Sehr geehrte Frau Präsidentin,
liebe Kolleginnen und Kollegen!

Ich möchte mich ausdrücklich bei der Berichterstatterin Deborah Schembri für diesen wegweisenden Bericht bedanken. Dieser Bericht markiert einen Meilenstein in der Frage der Anerkennung von Trans*Menschen und Transgender. Der Bericht trägt zur Aufklärung und Sensibilisierung der europäischen Bevölkerung für die besonderen Belange transgeschlechtlicher Menschen bei – ich hoffe, insbesondere bei den Fachkräften aus den Bereichen Erziehung, Recht, Gesundheit, Psychologie und ich gebe zu, auch in der Politik.

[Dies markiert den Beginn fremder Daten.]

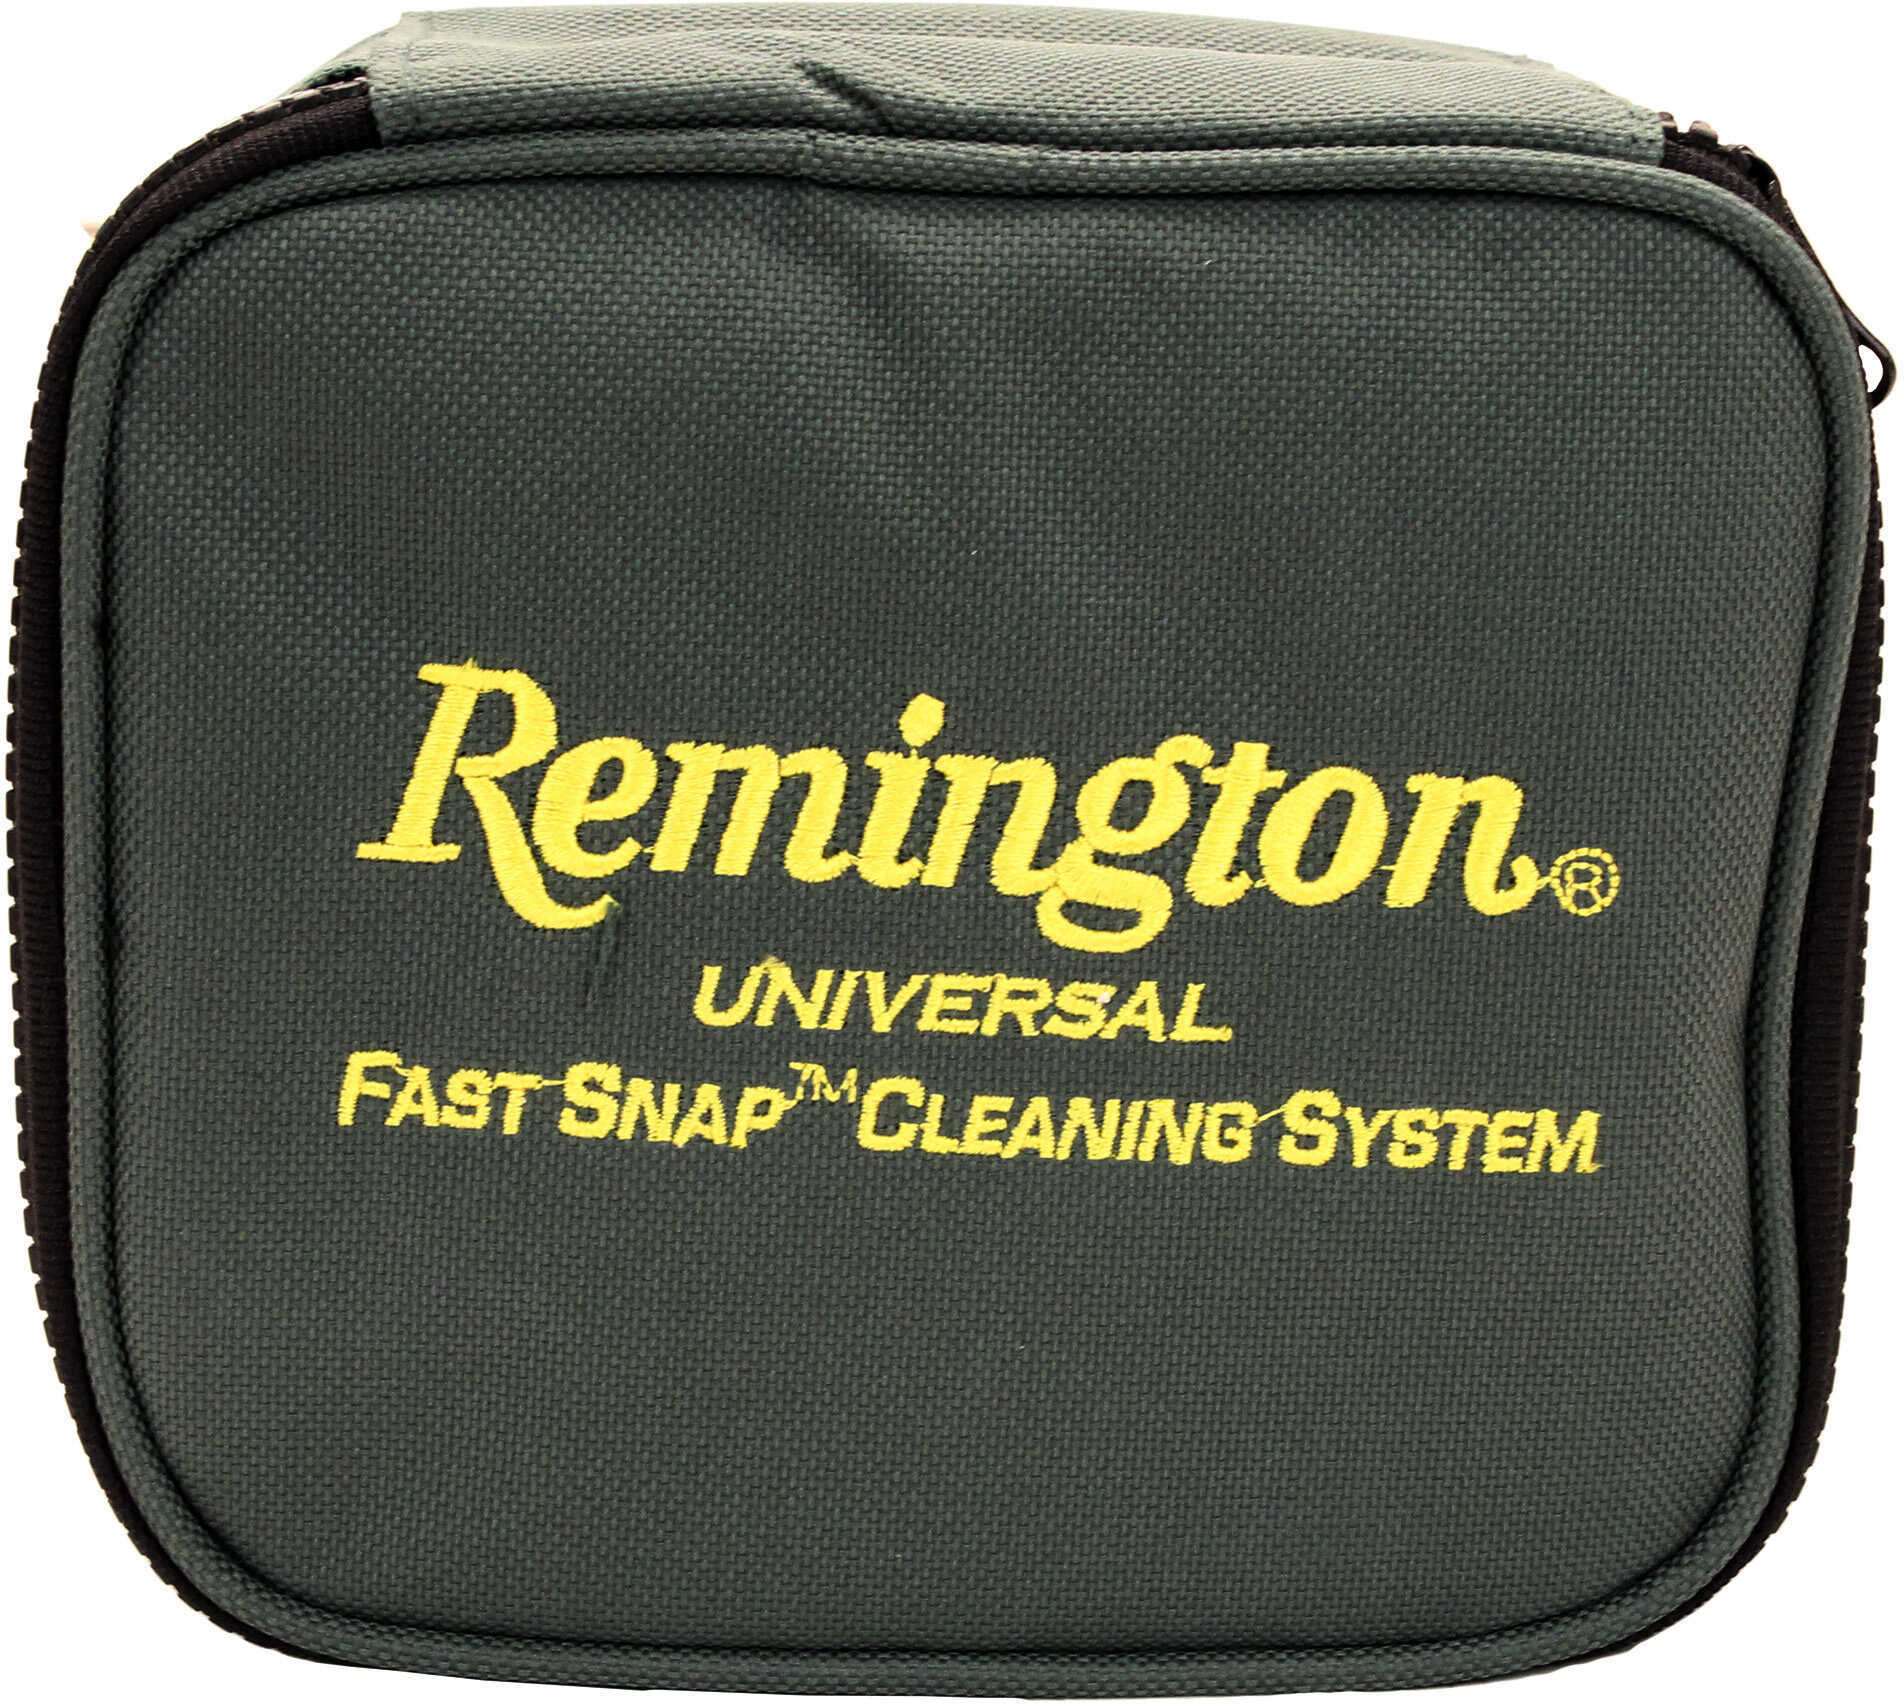 Remington 16364 Fast Snap 2.0 Universal Cleaning Kit 38 Pieces

Ich begrüße es außerordentlich, dass die Situation von Trans*Menschen aus menschenrechtlicher Perspektive betrachtet wird. Mir imponiert, wie der sorgfältig recherchierte Bericht in enger Konsultation mit Menschenrechts- und Antidiskriminierungsstellen, sowie mit NGOs wie Transgender Europe entstanden ist.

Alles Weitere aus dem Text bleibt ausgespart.